Con el triunfo de La engañadora, todo lo que Jorrín compuso en aquellos ya lejanos años de 1953 y 1954 se convirtió en éxito, y el Maestro terminó por adueñarse del hit parade. La creación del primer chachachá significó un resurgir de la música cubana y un retorno a lo nacional.
En su aludida entrevista con Erena Hernández, el Maestro dijo se imponía reimprimir una y otra vez el disco para reponerlo en las vitrolas. Pese al éxito de ventas, no recibió el disco de oro que se concedía a los más vendidos. Aseguraba el compositor que en ese momento la disquera Panart, que fue la empresa que lo llevó al acetato, estaba en bancarrota. La engañadora hizo millonaria a la Panart. «A mí me pagaba un centavo por cada cara de los discos vendidos. Con el dinero me compré un automóvil… Y eso que a lo mejor vendían 30 y a mí me reportaban 15 solamente. Claro, la Panart se compró una fábrica de discos».
Con La engañadora están eufóricos los bailadores. Está eufórico el compositor. Pero Ninón Mondéjar, director de la orquesta América, y otros integrantes de esa agrupación no comparten esa alegría. Creen que el chachachá es una creación colectiva y no exclusiva de Jorrín.

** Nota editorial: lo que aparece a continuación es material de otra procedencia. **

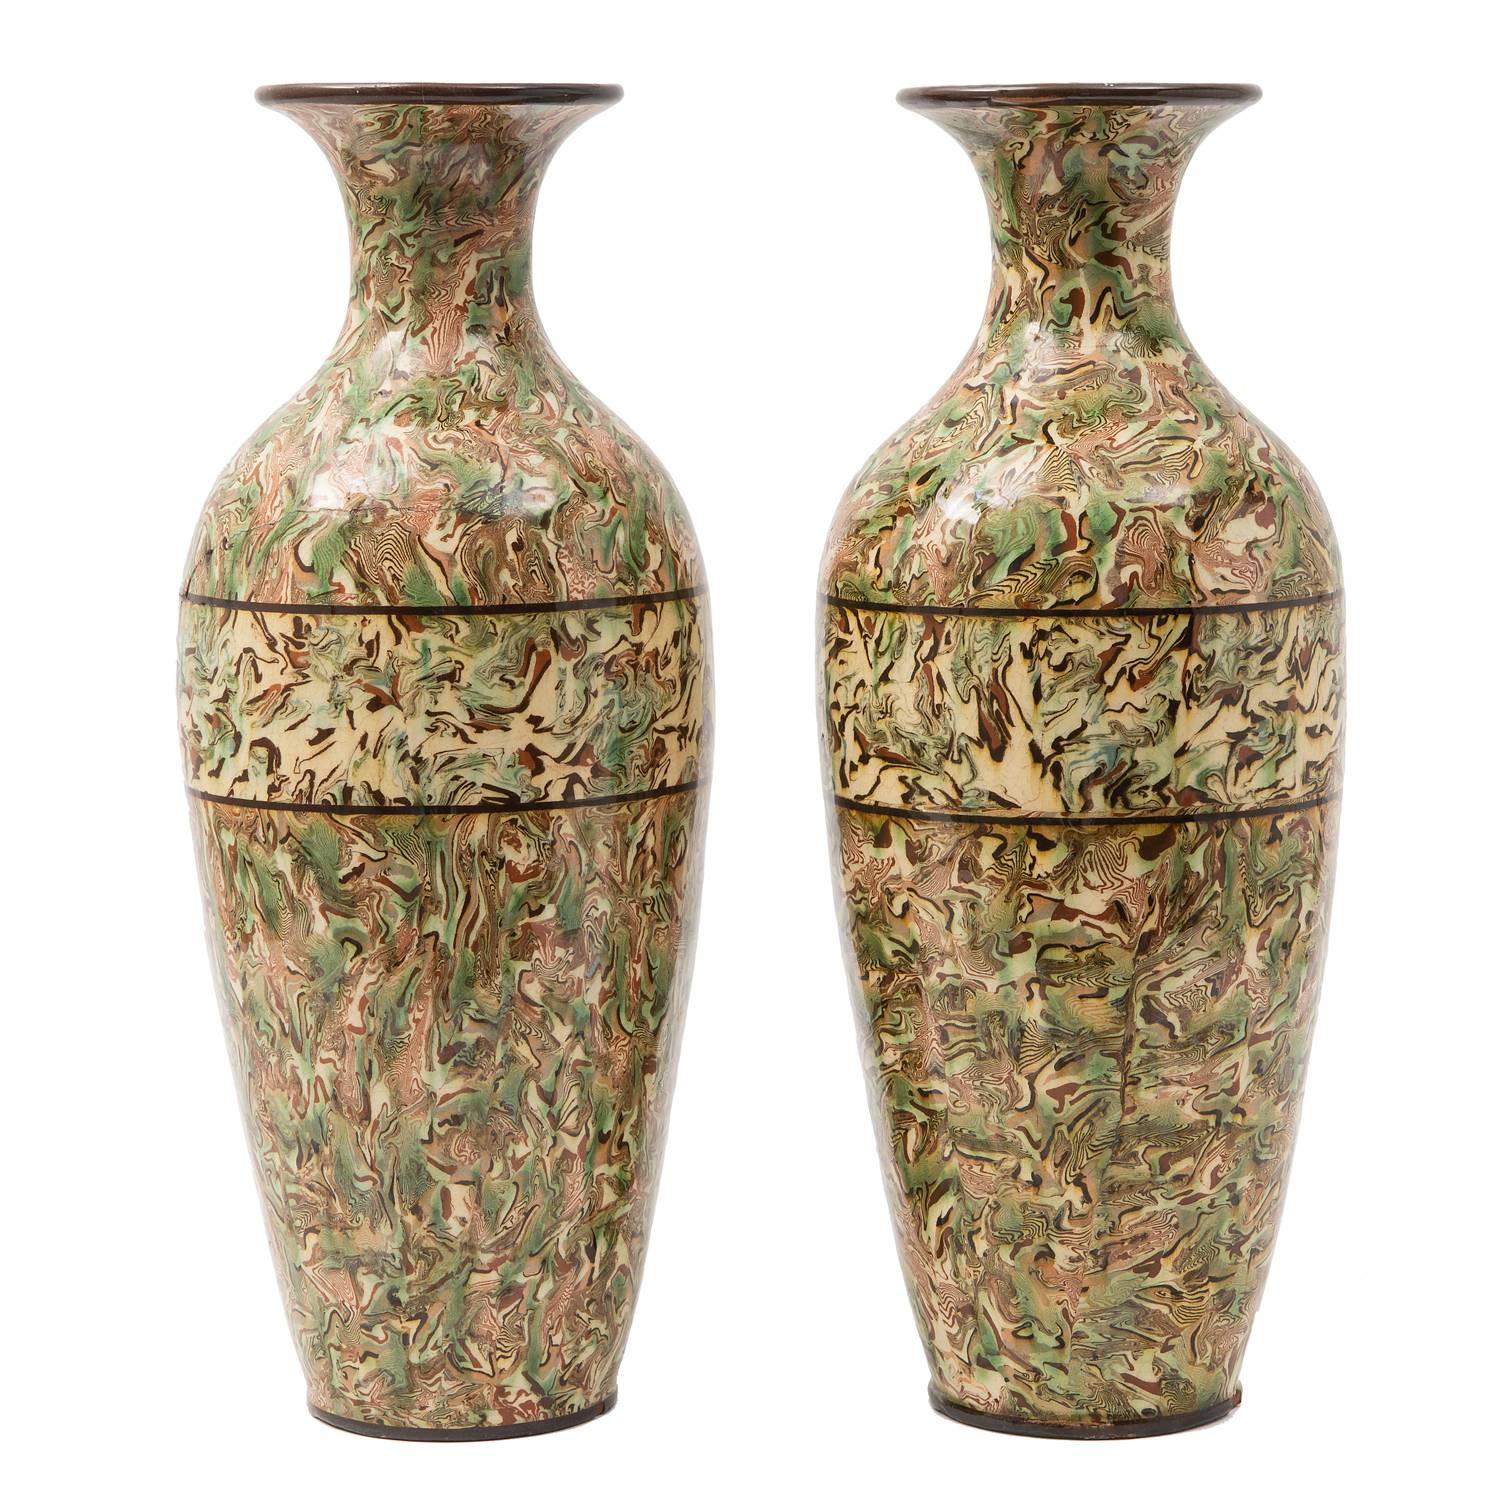 Pair of French Mosaic Faience Vases, circa 1880

En la propia entrevista, el compositor expresó que el nuevo ritmo benefició a todos los integrantes de la orquesta, pero sirvió también para que «muchos de ellos se convirtieran en mis enemigos… querían adjudicarse la paternidad del chachachá».
Sale Jorrín de la orquesta América y funda su propia agrupación. Corría el mes de mayo de 1954. Entonces —dice Díaz Ayala—, Mondéjar y Jorrín cometen el mismo error. Quieren repetir el éxito de Pérez Prado en México y ambos, con sus respectivas orquestas, se van a ese país, pero dejan vacía la plaza cubana y la pierden. En el favor popular las sustituyen pronto otros conjuntos. Fajardo y sus Estrellas, Sublime, Sensación, Melodías del 40 y sobre todo Aragón les arrebatan el público. En 1958 Jorrín retornará a La Habana, pero ya nada será lo mismo.

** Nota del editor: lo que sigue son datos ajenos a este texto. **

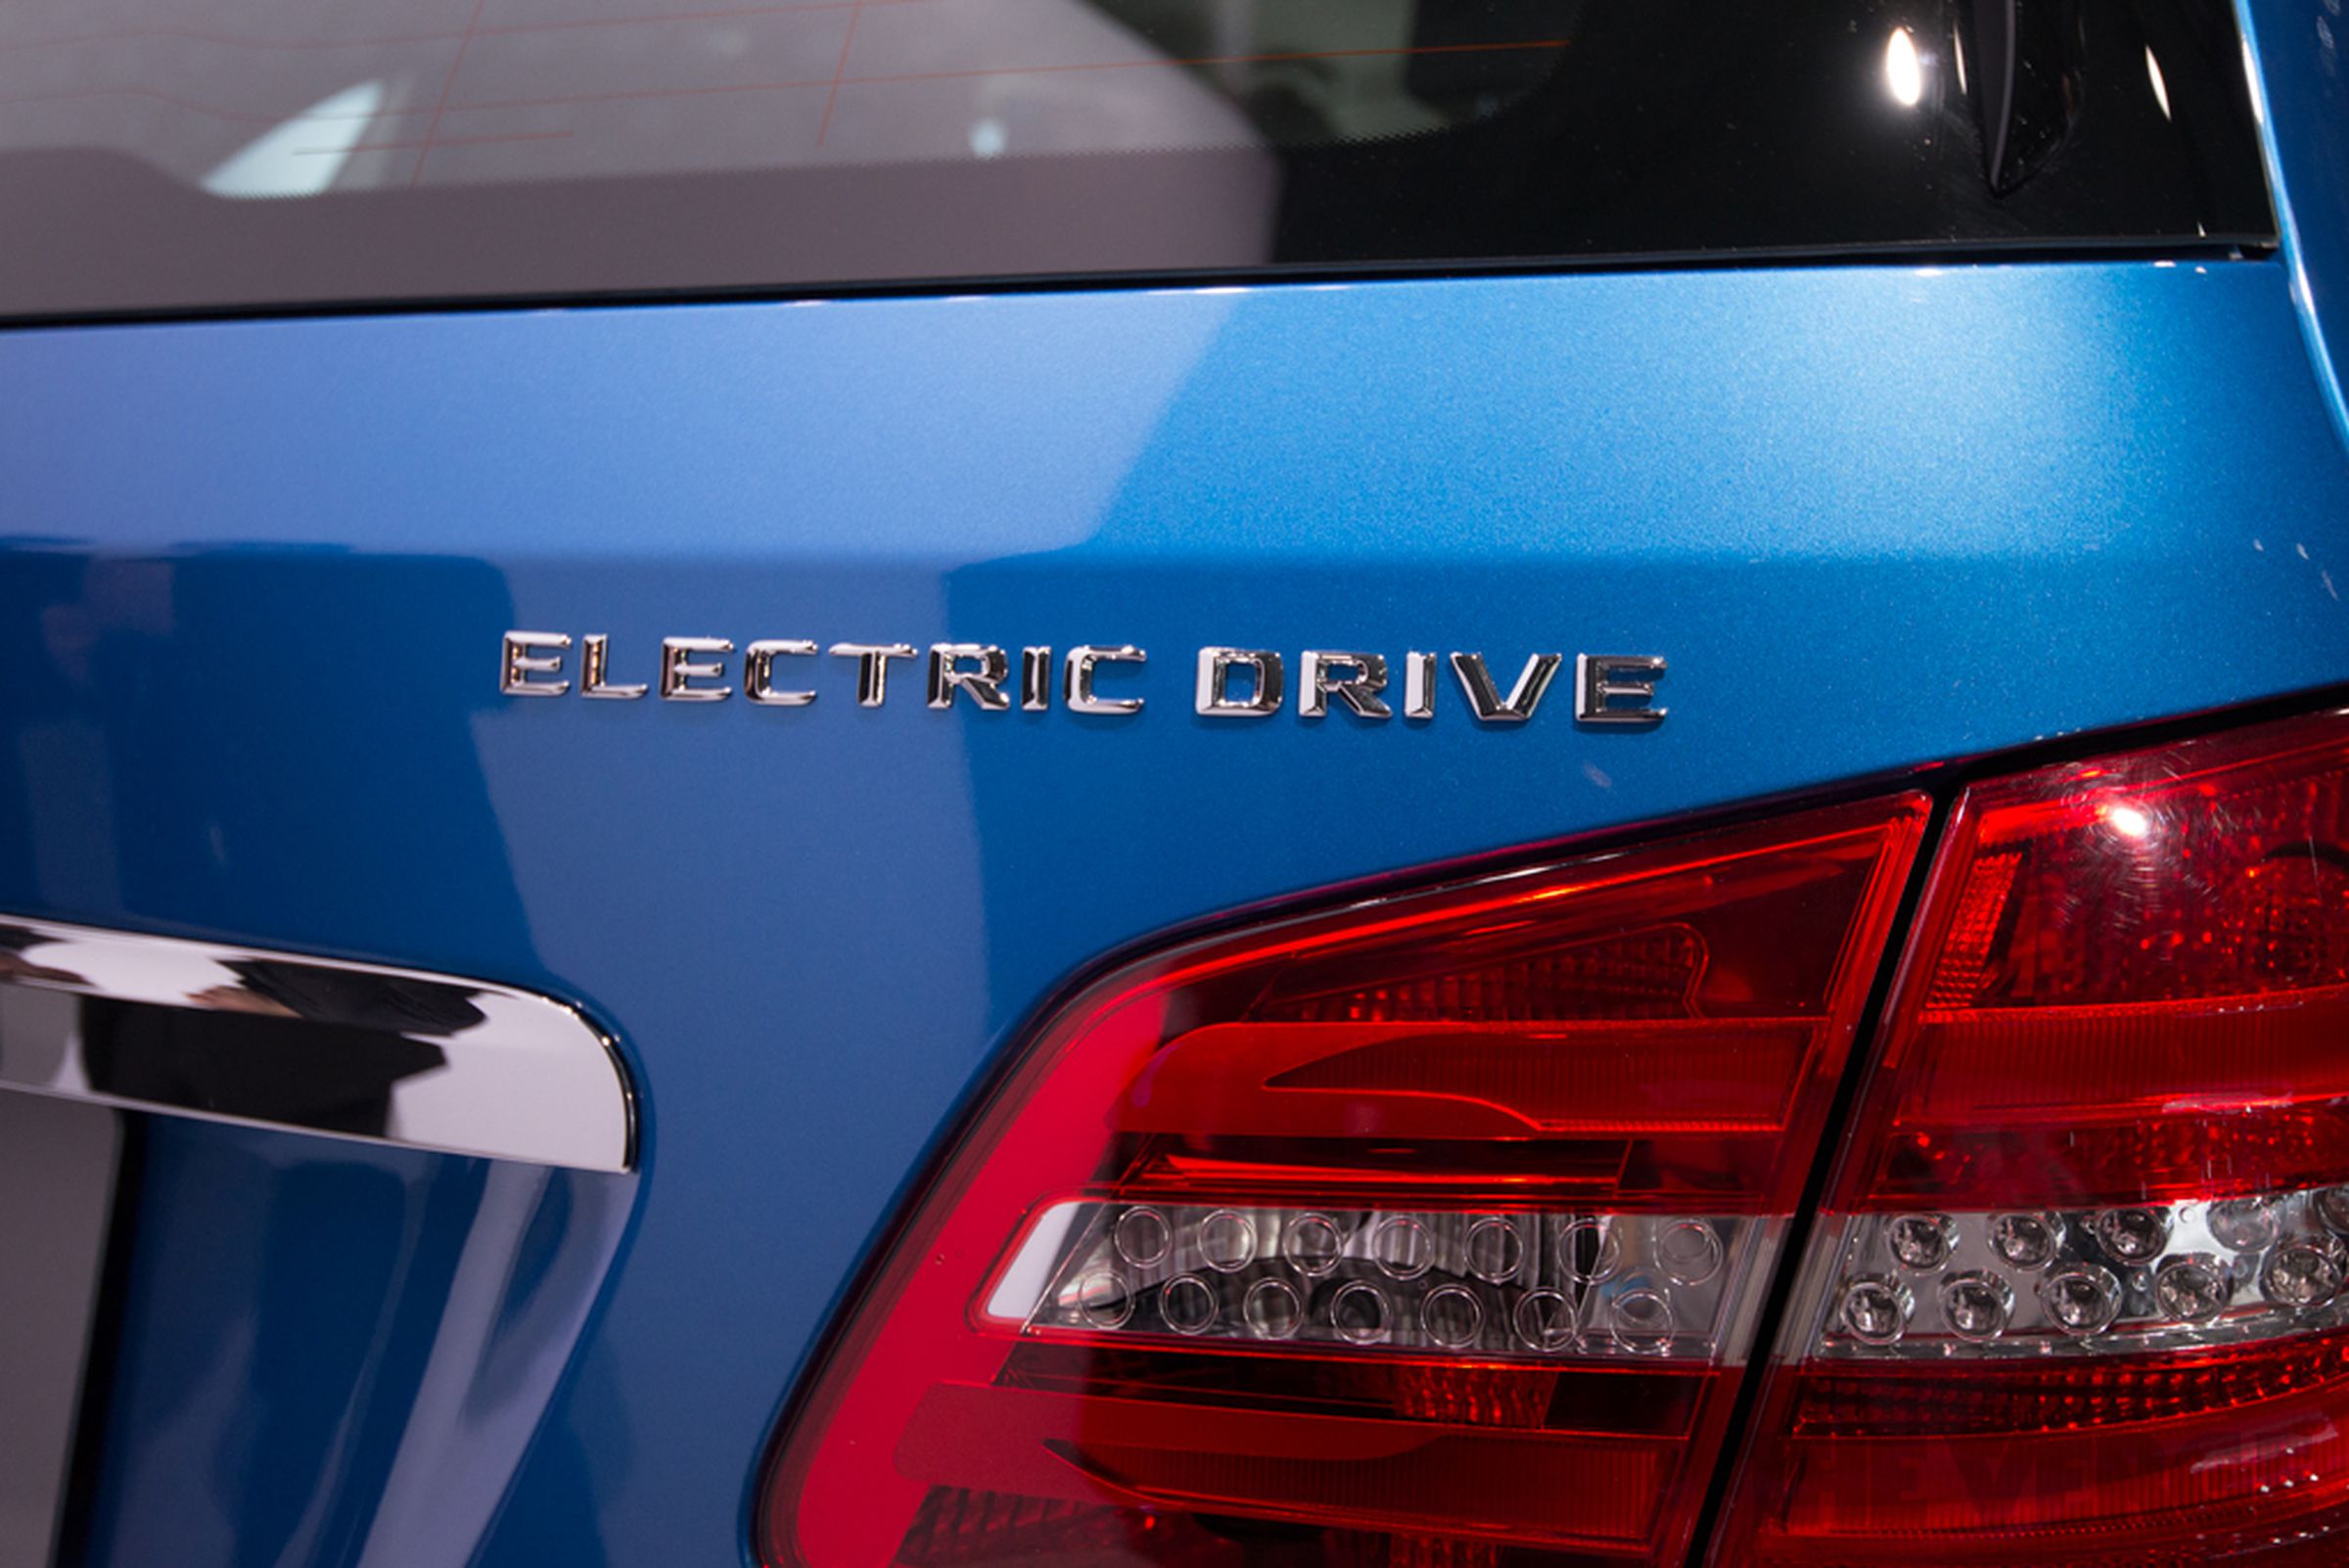 Mercedes B-Class Electric Drive hands-on pictures

Se presenta en la radioemisora XEW y anima bailes populares. Hace innovaciones en el formato charanga. Diría más tarde: «Al llegar a México me di cuenta de que allí gustaba mucho la trompeta, por eso incorporé tres, para lograr cambiar el timbre y así romper la monotonía de la orquesta tipo charanga, en donde la flauta es la que lleva todo el canto…». Además, dice el erudito Radamés Giro, amplificó los violines y el contrabajo con objeto de aumentar el volumen sonoro de la orquesta a tenor de la amplitud de los lugares donde debía actuar, generalmente grandes salones de baile.

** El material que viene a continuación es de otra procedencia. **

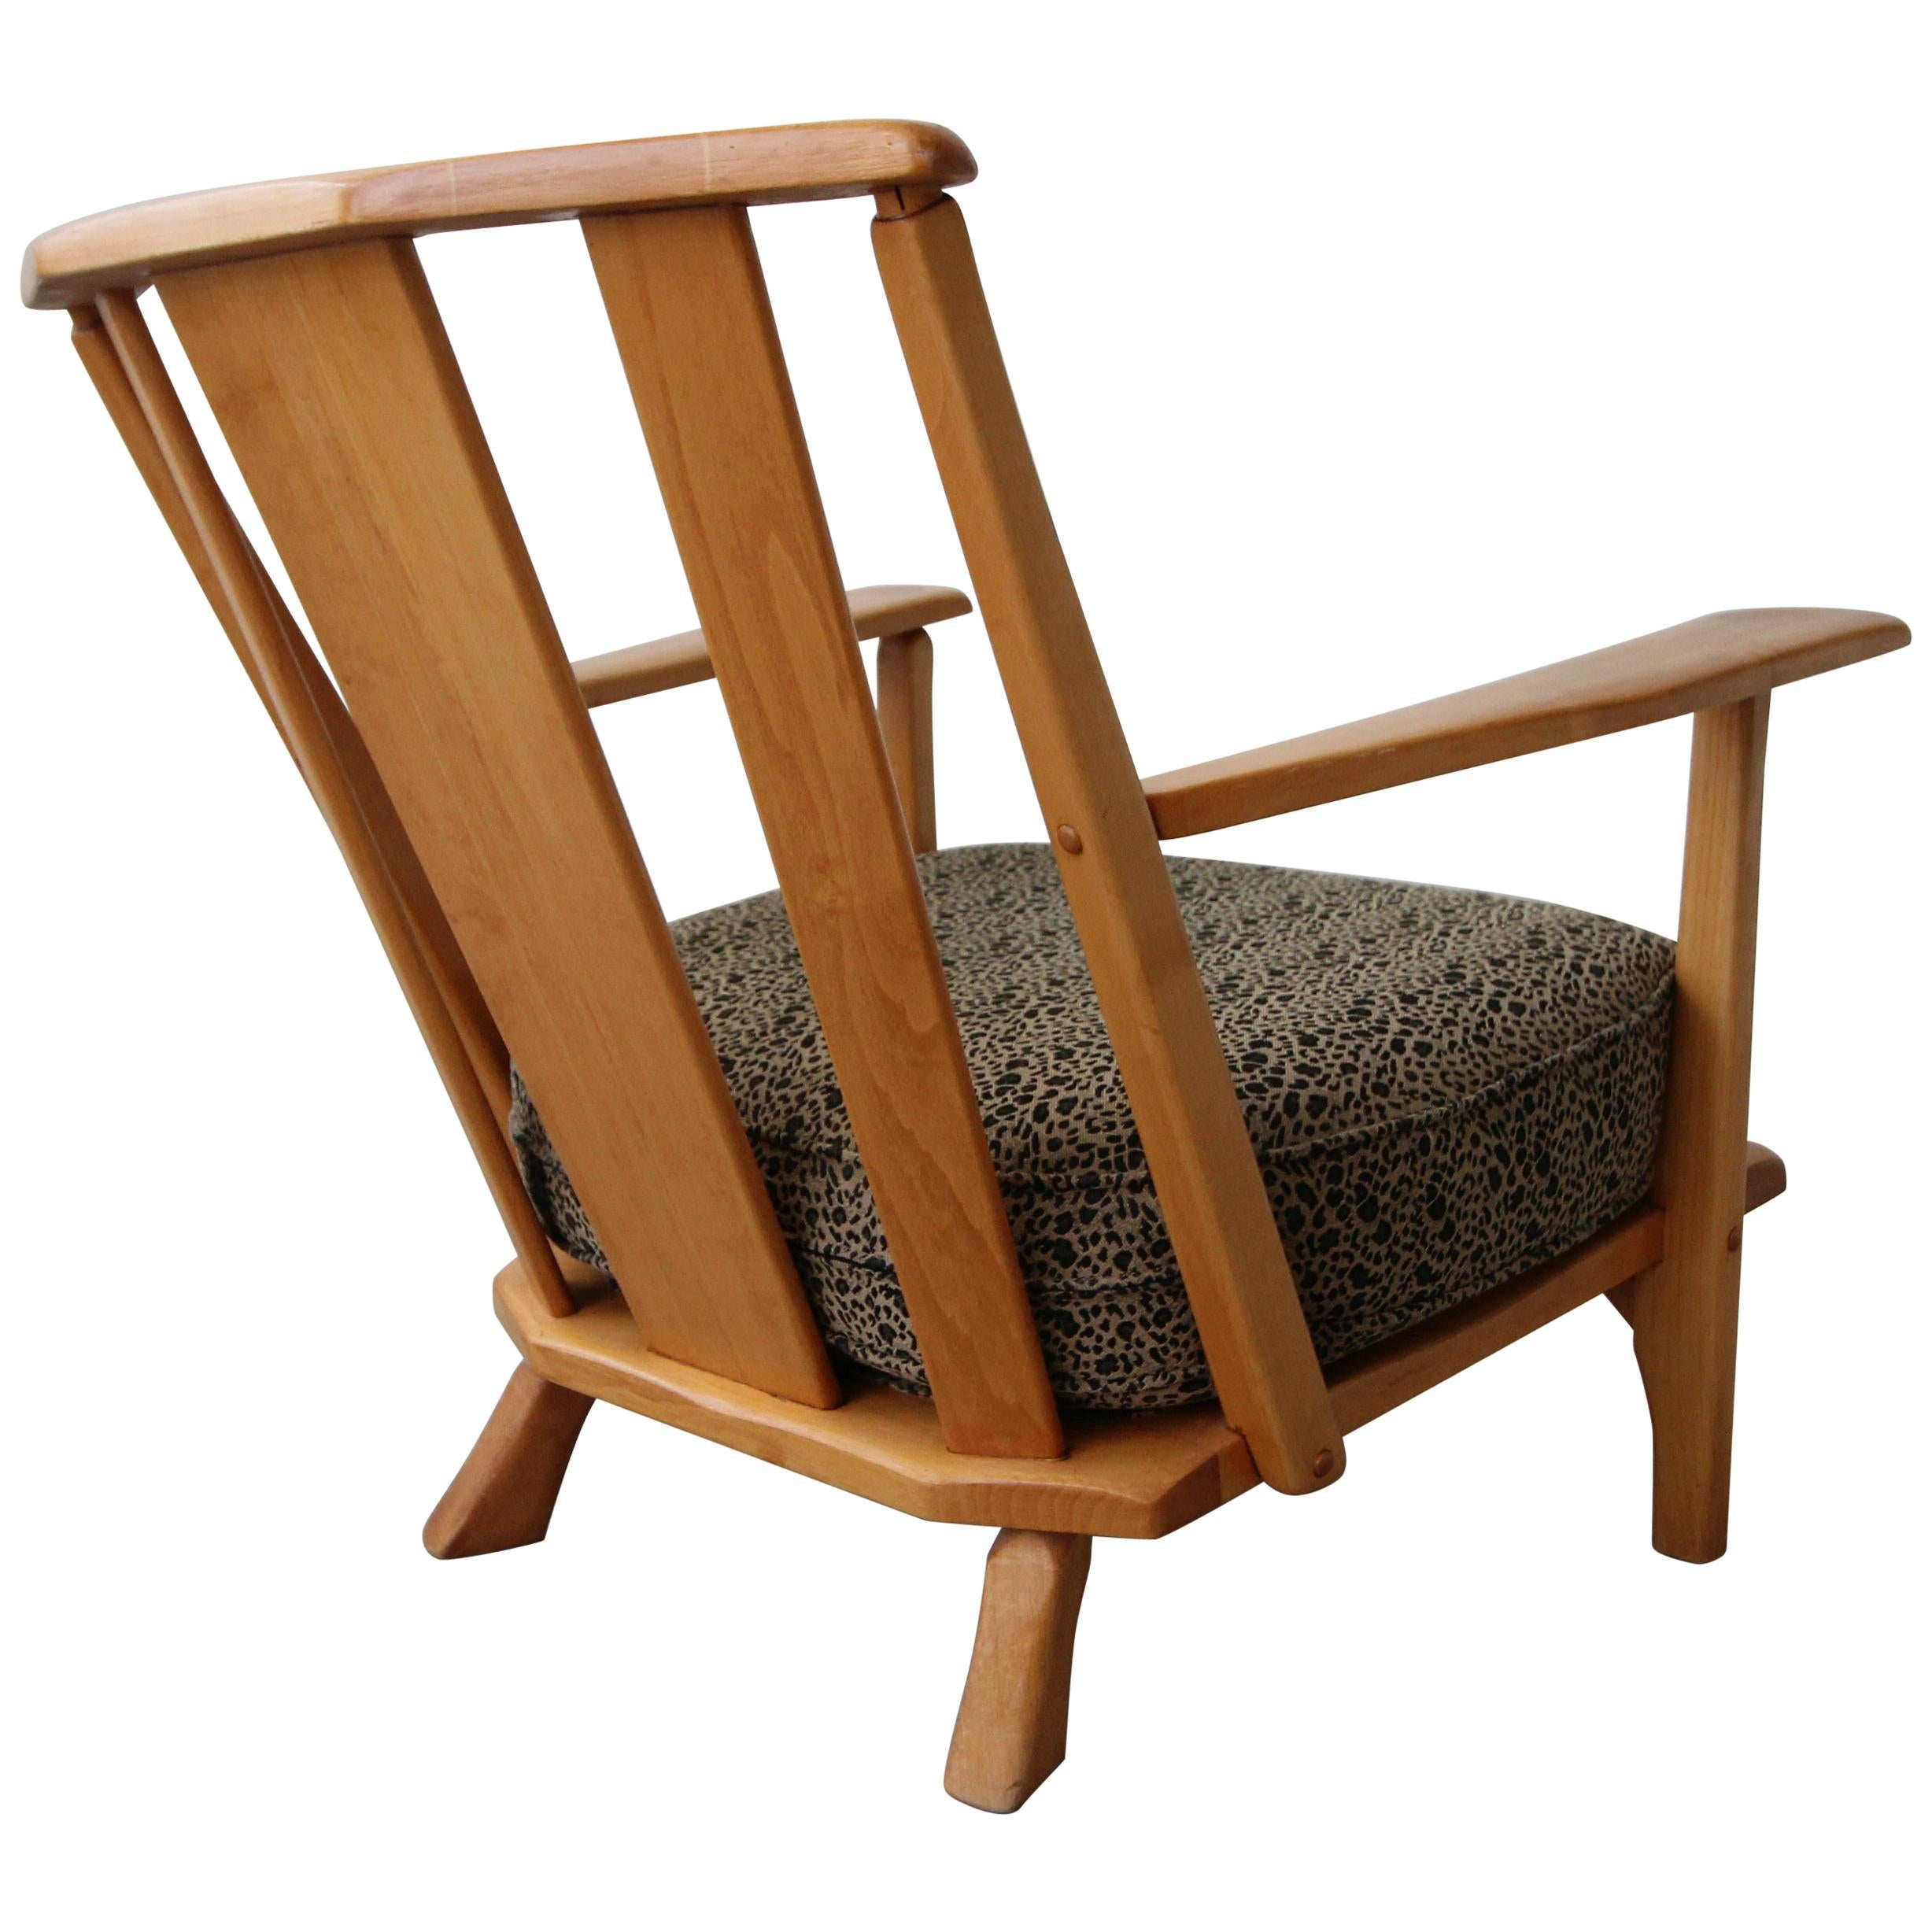 Early Midcentury Craftsman Style Maple Lounge Chair

En su monumental Diccionario enciclopédico de la música en Cuba, precisa Giro que si bien muchos de los elementos constitutivos del chachachá estaban en el ambiente, fue Jorrín quien le aportó la estructura y el estilo con que hoy lo conocemos. Expresó el propio compositor: «El chachachá es mi estilo de hacer música. Yo no me propuse crear un nuevo ritmo, ¡me salió! Para escribir un chachachá solo tengo que escribir mi música, mientras los demás músicos para escribir un chachachá deben pensar en lo que yo hice, deben partir de mi estilo».
Enrique Jorrín falleció en La Habana en 1987.